_Aim of the task_
Exactly the lines below, starting with the one containing "Ипакои Кресту. Монастырский" and going on through the one containing "投信ブロガーが選ぶ! Fund of the Year 2015", must be reproduced, both ends included, and no pictures with them.

_Dataset records_
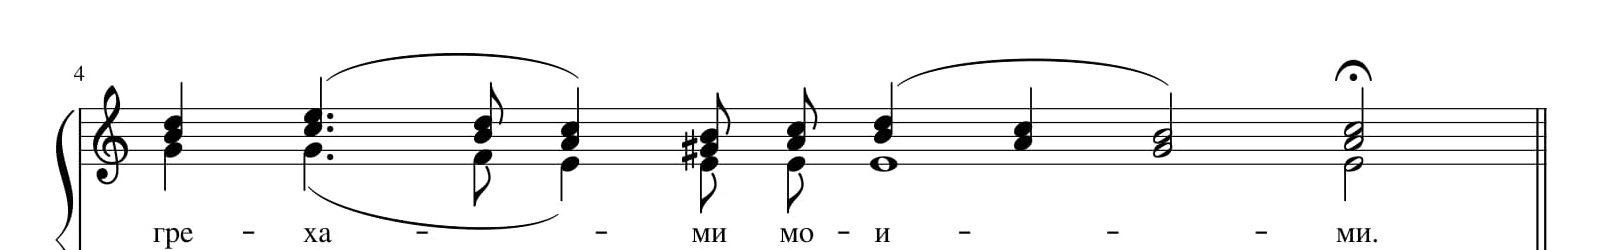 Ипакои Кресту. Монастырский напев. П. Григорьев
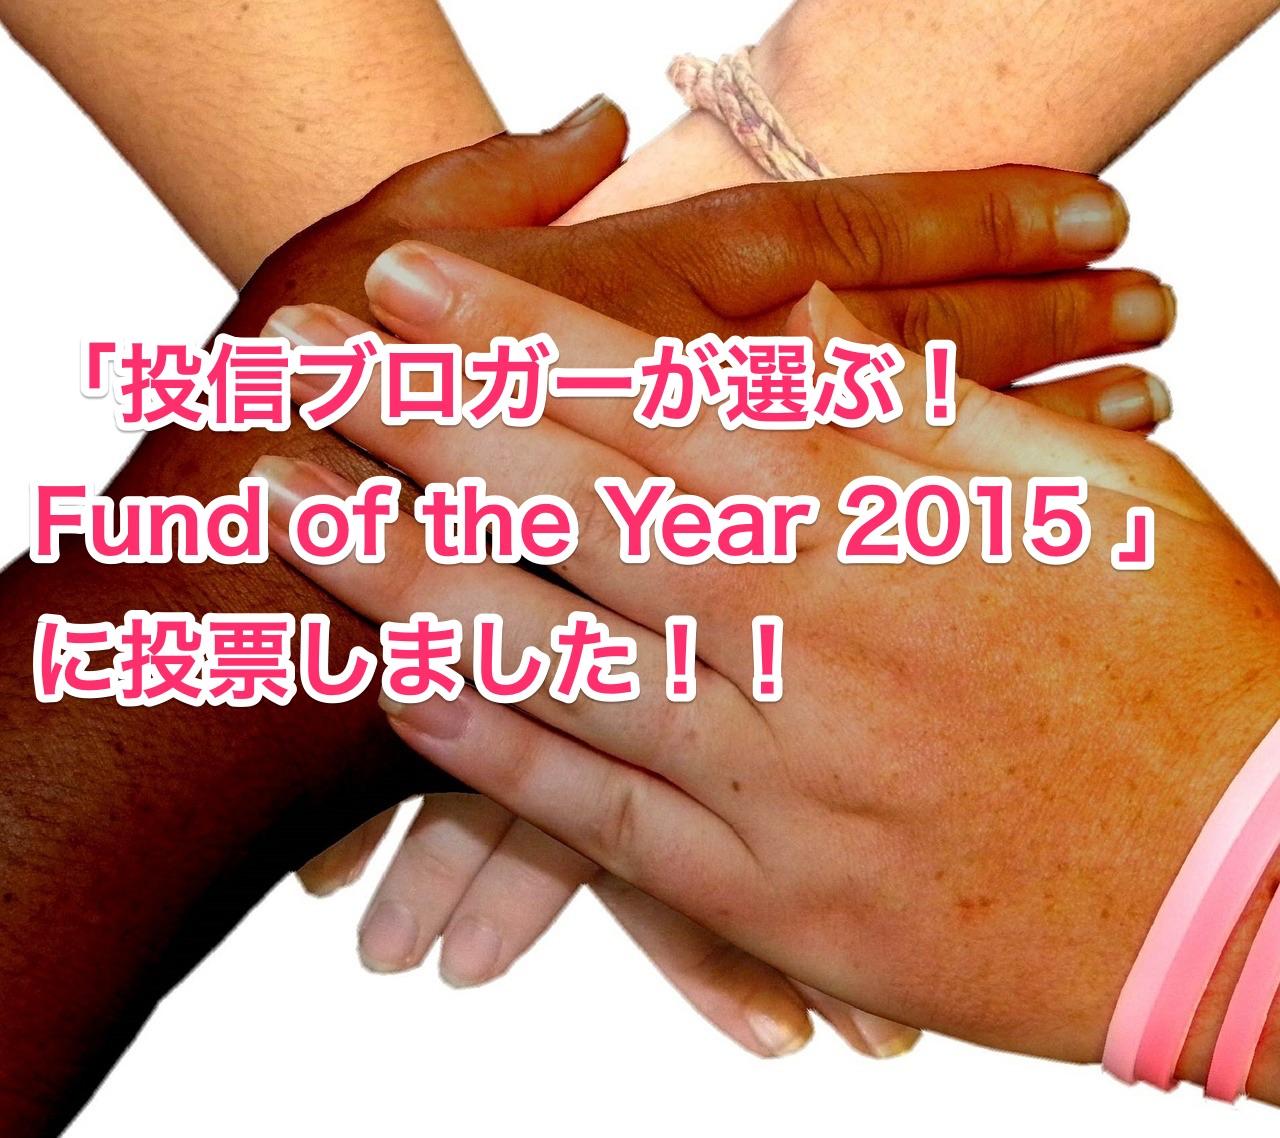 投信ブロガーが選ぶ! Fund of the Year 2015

---

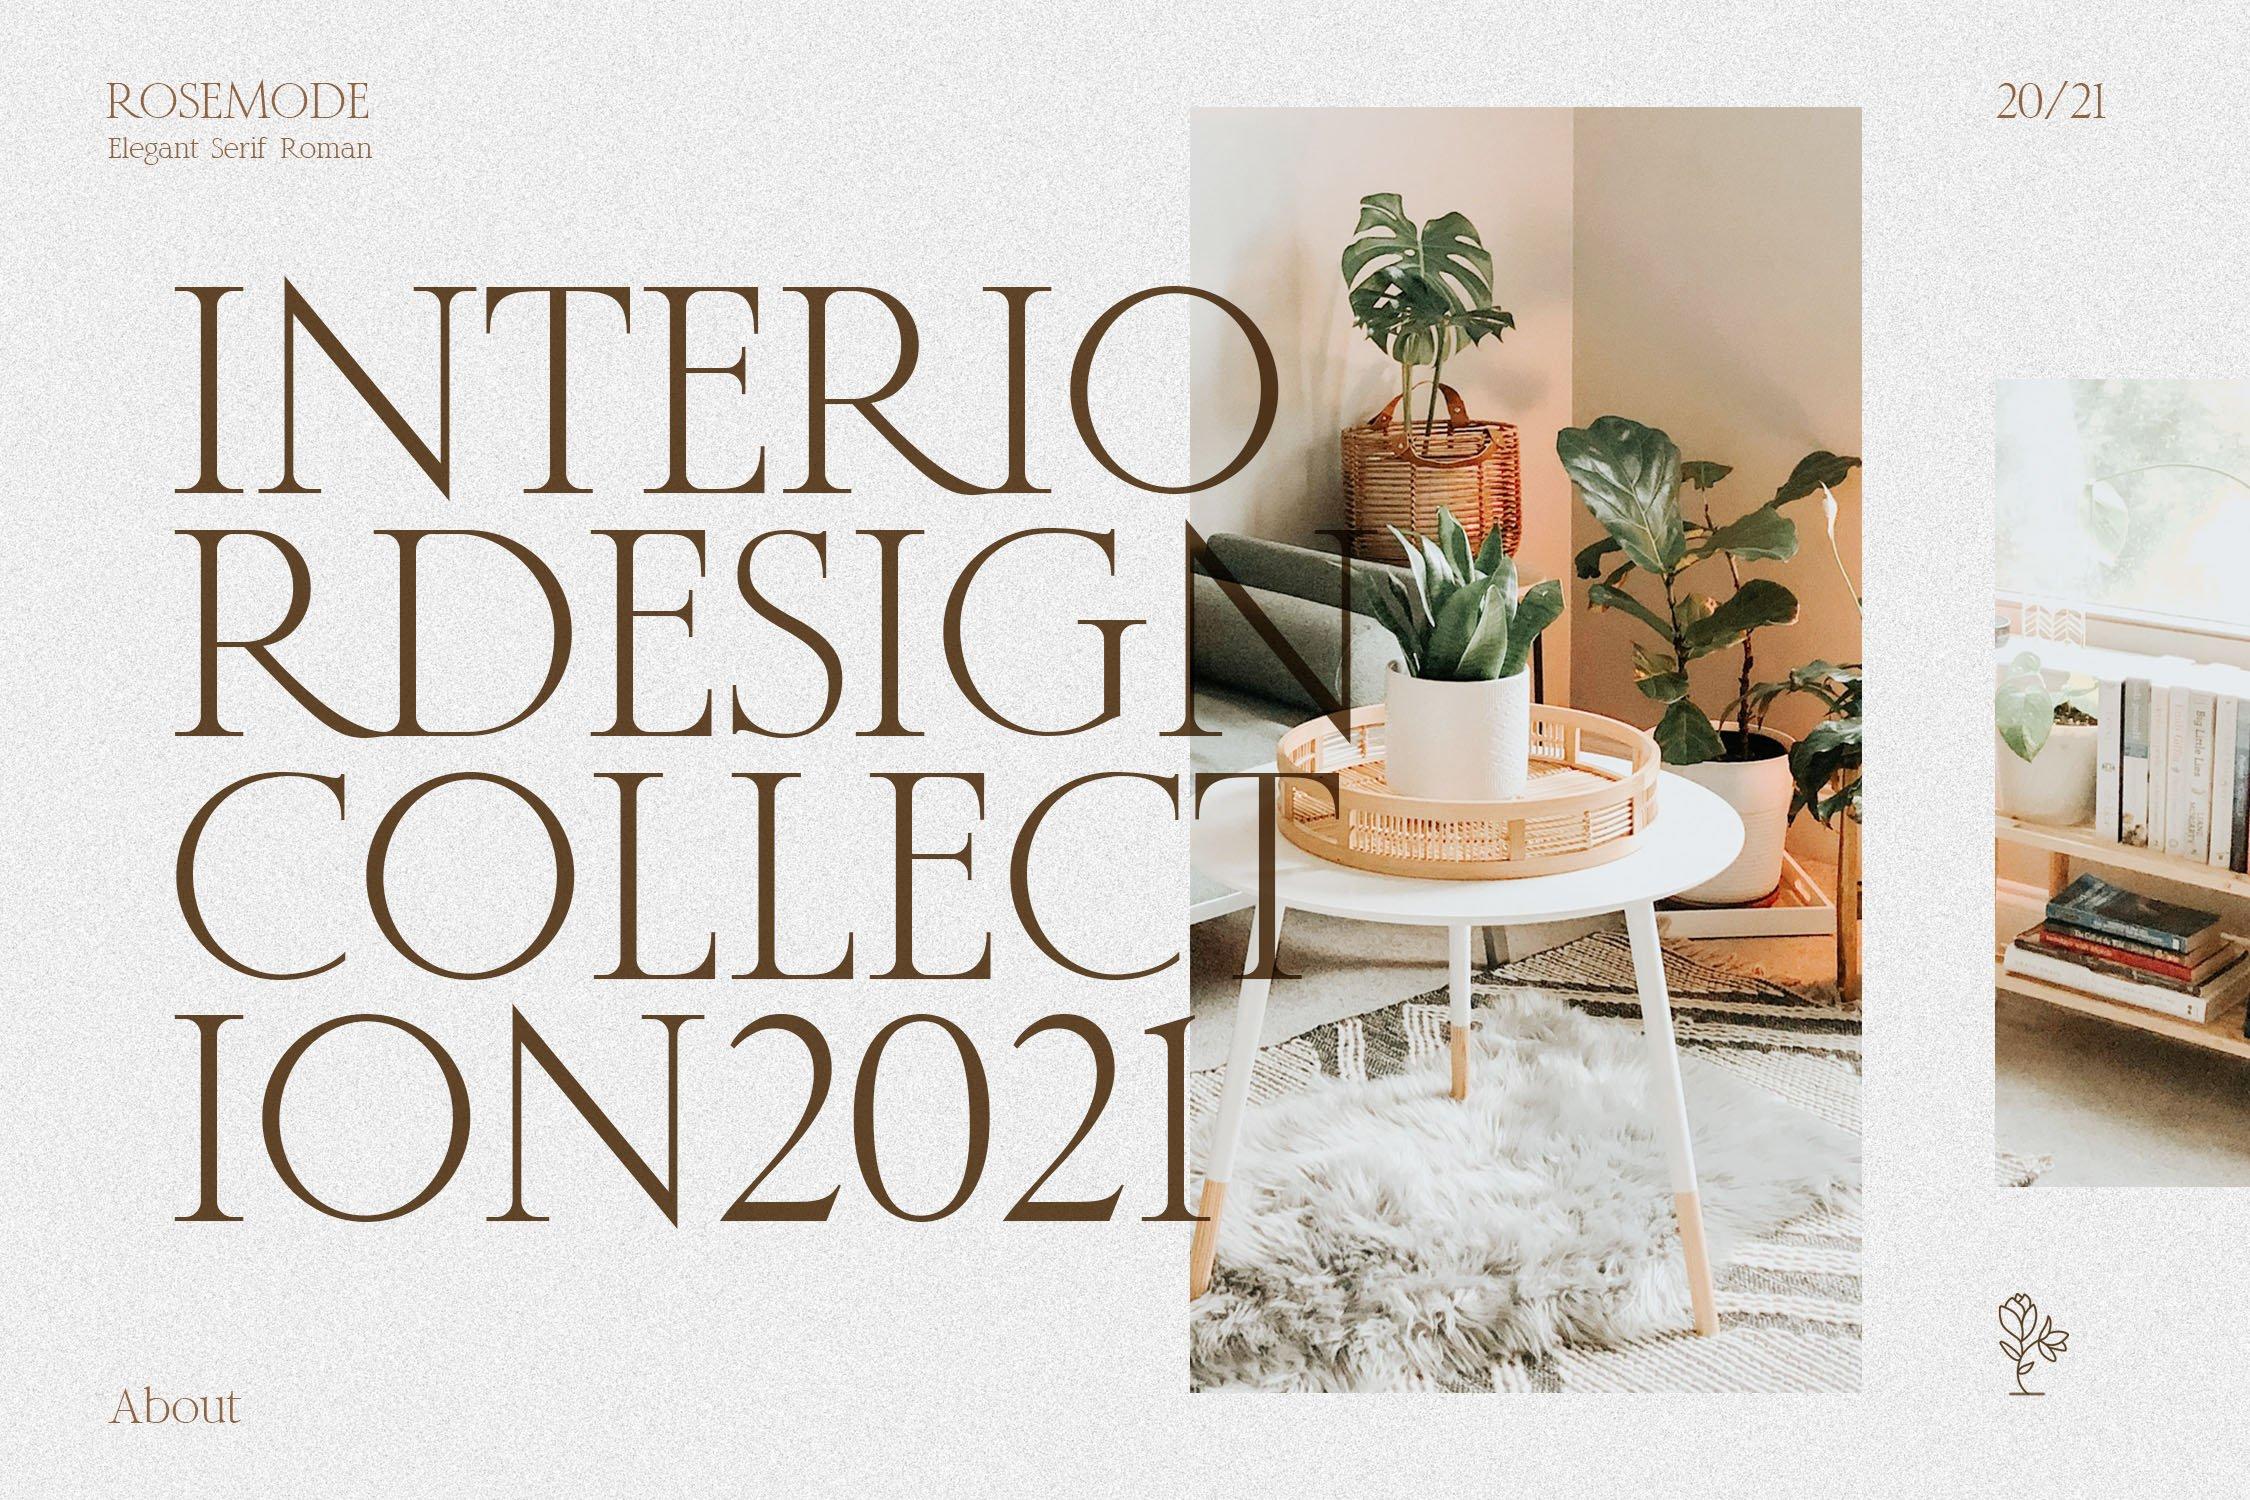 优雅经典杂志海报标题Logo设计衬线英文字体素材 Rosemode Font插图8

_Response to the task_
 Ипакои Кресту. Монастырский напев. П. Григорьев
 投信ブロガーが選ぶ! Fund of the Year 2015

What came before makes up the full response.